Living in the Countryside - Harvesting August 2022
I'm nearly a year into living in the countryside and a big change from living in a town in outer London. Our local pub is thankfully a ten minute walk away however the opening hours and days require memorising. I suppose with the number of dairy cows outweighing the local population long opening hours wouldn't be viable. Our nearest store is a mile and a half up hill, a very steep hill with no footpath and a speed limit of 60 miles a hour. We do have a milk station about a 15 minute flat walk away. A wonderfully novel idea from where you can purchase a glass milk bottle and metal lid from a vending machine (along with cheeses and honey) and then place the bottle into an enclosed unit where it is steamed and then fills with local milk. There are a few of them locally which is great for the dairy farm here. My regular pop to the coffee shop has become make my own coffee along with cooking more creative recipes if I don't have the ingredients in the kitchen.
Having seasonal ingredients is something I've always been interested in. In England (I can only speak from my own experience) we have amazing produce home grown from strawberries to cherries in abundance to courgettes to cucumbers which our neighbour delivered to us from her garden. Supporting home grown produce means not getting hung up on fruit or veg not being available but adapting to eating what has been provided for us. Home grown to me is more environmentally friendly although I do which they'd drop the packaging, having not travelled from another country and we have the possibillity of not eating modified/altered or adapted crops. Our purchases support a farming industry which provides jobs for farmers who from my observations in the past year work incredibly hard long hours.

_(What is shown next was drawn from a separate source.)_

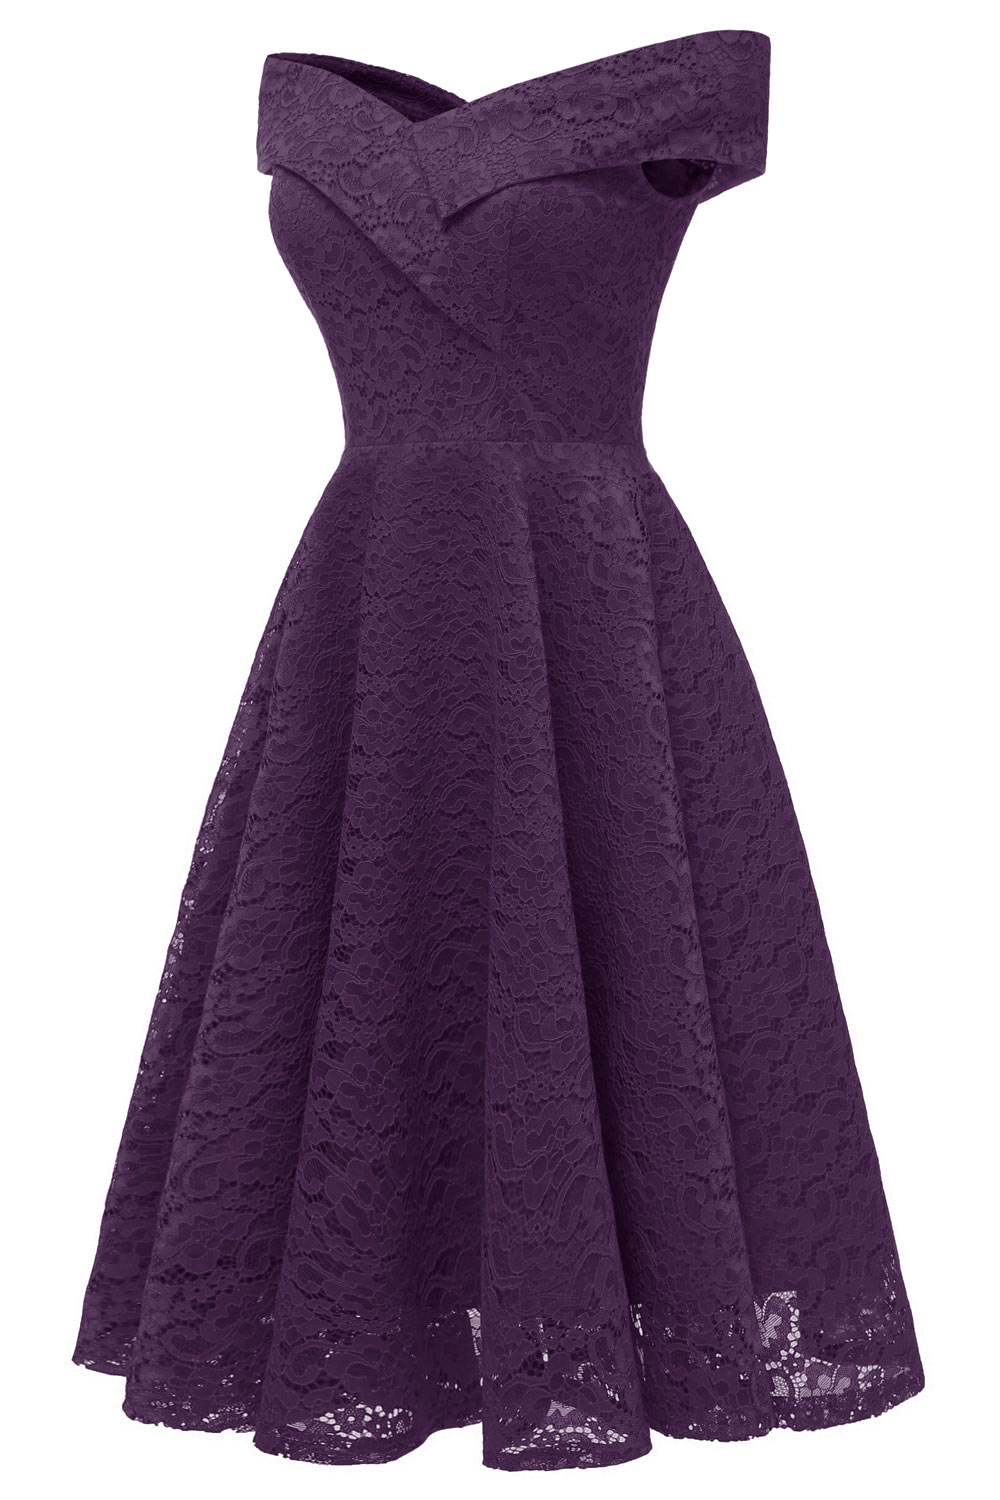 Petite robe violette en dentelle avec épaules dénudées

Since the beginning of spring we've watched the Oilseed Rape crop growing closeby, visible from our sitting area window. We were filled with excitement in March when the field was a bright yellow colour of the flowers. Observing the lines in the crop and the circles around the electricity pylons and seeing the glow of colour around.

Each day we've had the pleasure of watching the crop until the yellow flowers were washed off in the rain leaving green plants and eventually they turned to the brown dried stems and seedheads the farmers were waiting for.

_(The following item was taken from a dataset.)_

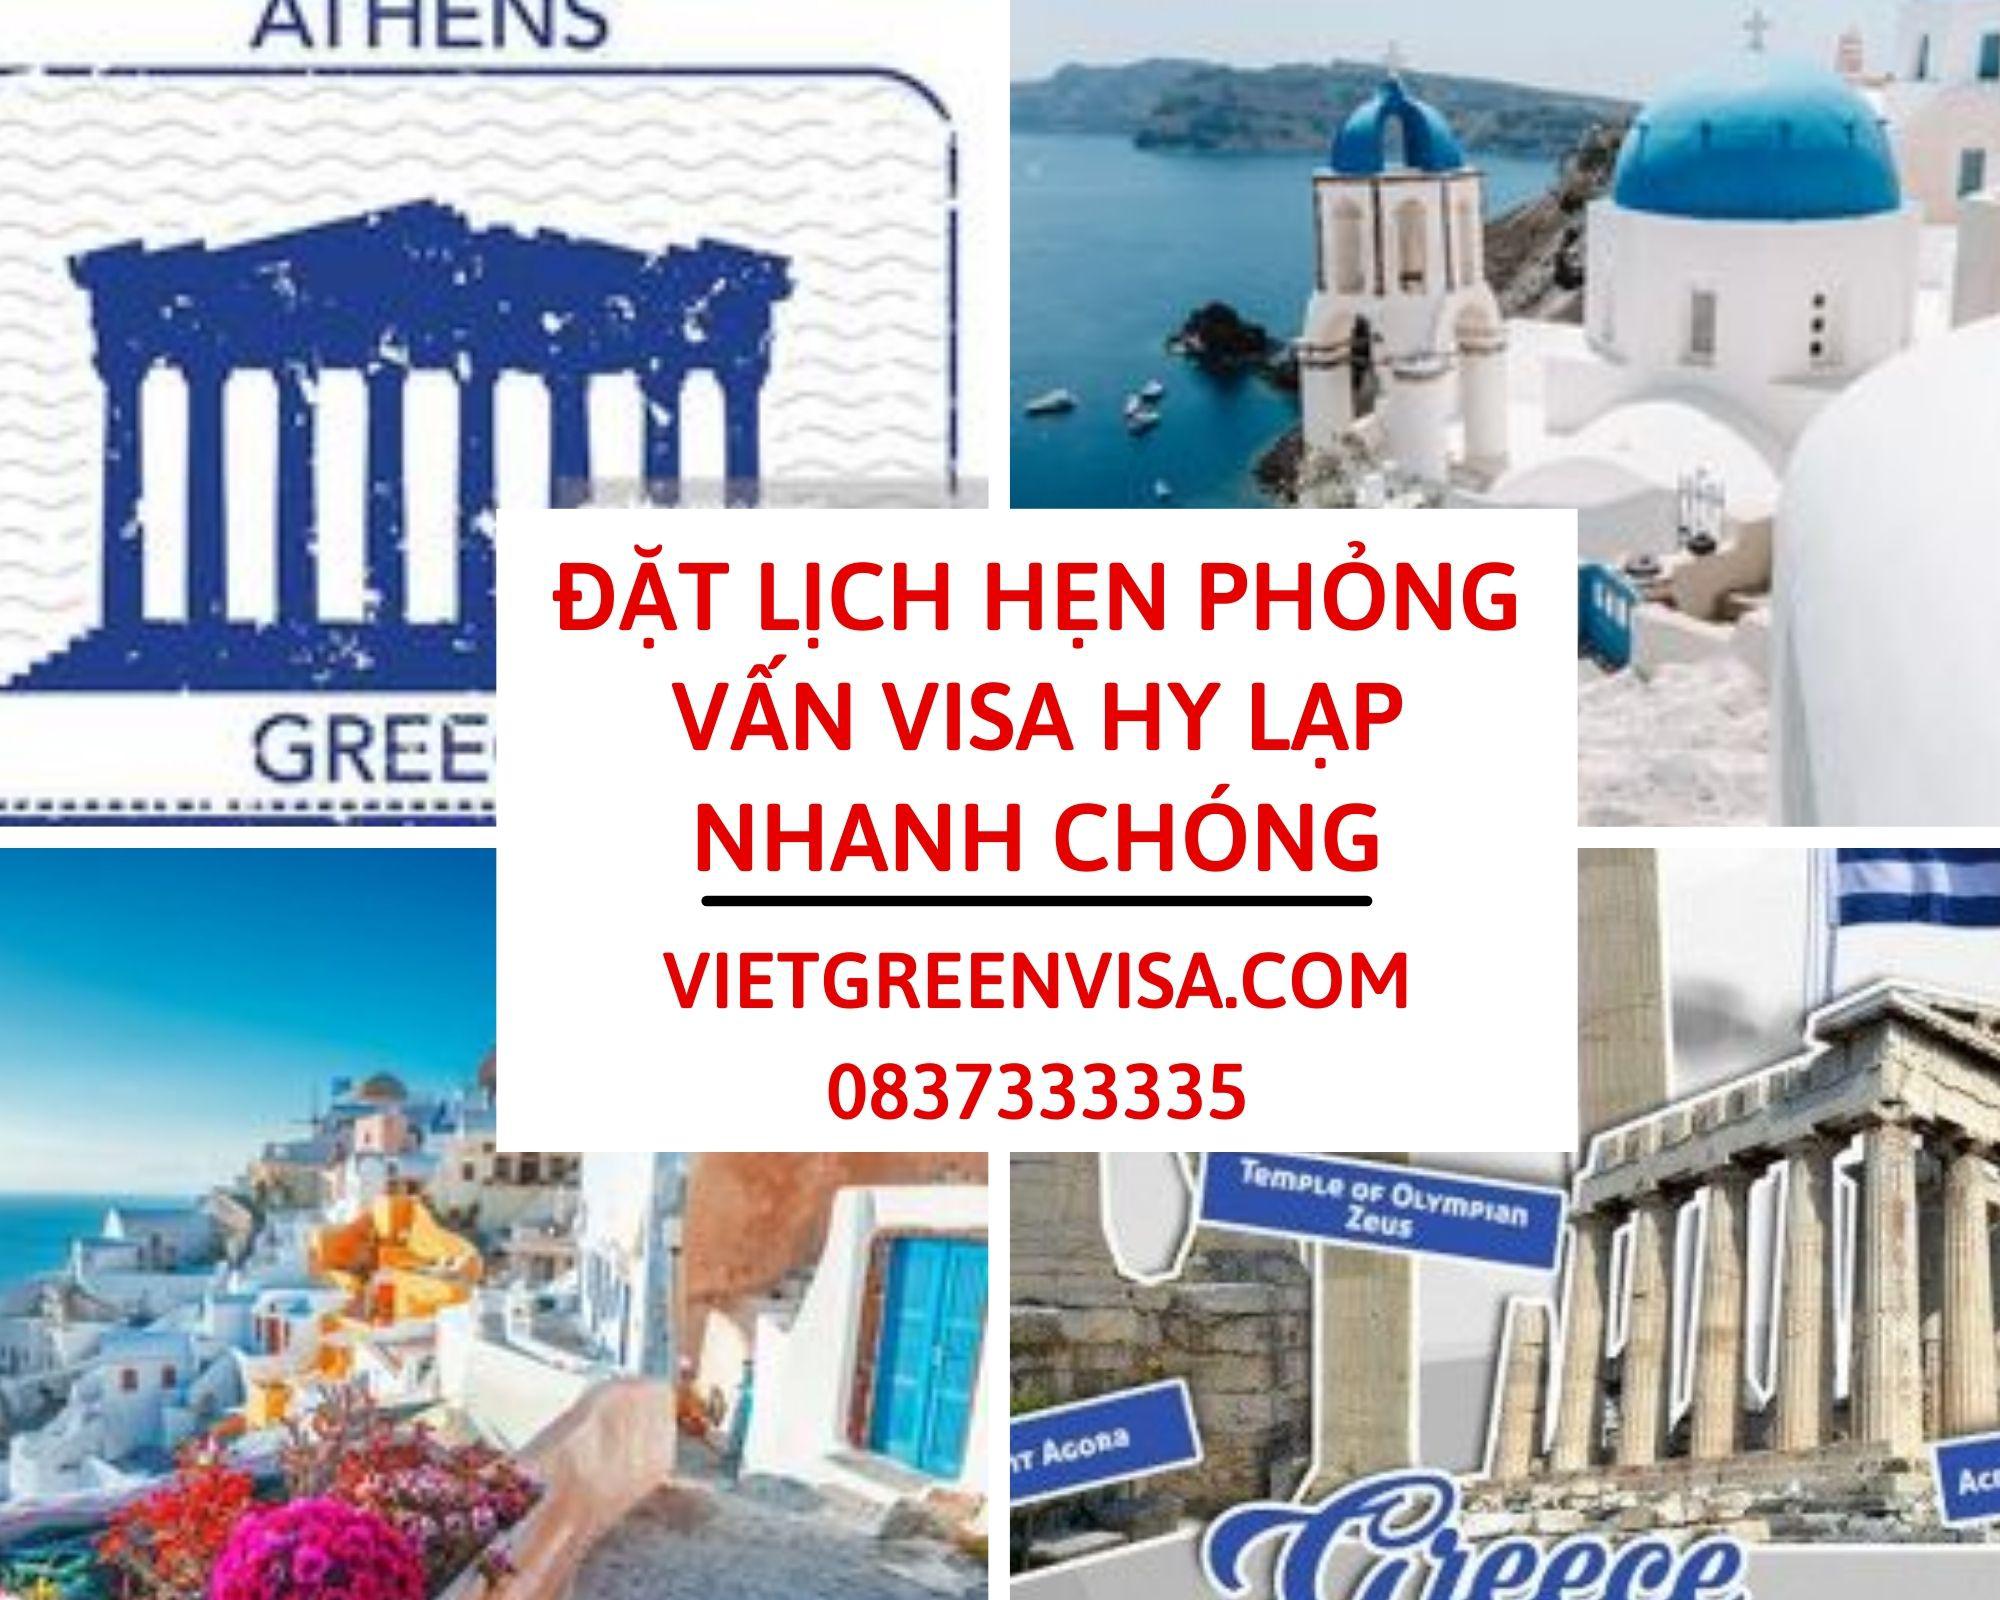 Hỗ trợ đặt lịch hẹn phỏng visa visa Hy Lạp nhanh

Harvesting the crops took place later than I originally thought at the end of July. A few weeks ago after the two hottest days of the year we were sat looking out towards the brown seeded field. The breeze picked up for the first time in days and at about 10.30pm I thought it was cool enough to go to sleep. Just as I thought it the avenue lit up with headlights. Three machines rubbled past our home which we have decided has no foundations, a huge combine harvester, a lorry, a tractor, a truck and stopped a little way beyond us but towards the brown seeded field. Despite it now being dark it was obvious tonight was the night for harvesting.
At about 6am I woke and saw the machinery facing the other way from when I went to bed with the harvesters headlights shining into the bedroom. Off they went as quickly as they'd arrived the night before. The field now stripped bare except from some sharp spiky stumps sticking up from the ground.

I initally thought the harvest timing was due to the rain that had been predicited however I have since found out that during the day the pods/beans were so dry or brittle that they would pop/snap during harvesting. This would lead to a less of a yield therefore the decisions to harvest during the night when the moisture content was higher have been given the farmers a greater yield.
The past year has been a huge change moving from the hussle and bussle of a large town to an area so quiet my ears ring. It's provided me with a great opportunity to learn whether I could live away from coffee shops and everything in easy reach. It's allowed me to see our farmers working all night to bring in the crop and I think that deserves our support, buy British seasonal fruit and vegetables.
Don't forget the free blackberries and apples out there going into September!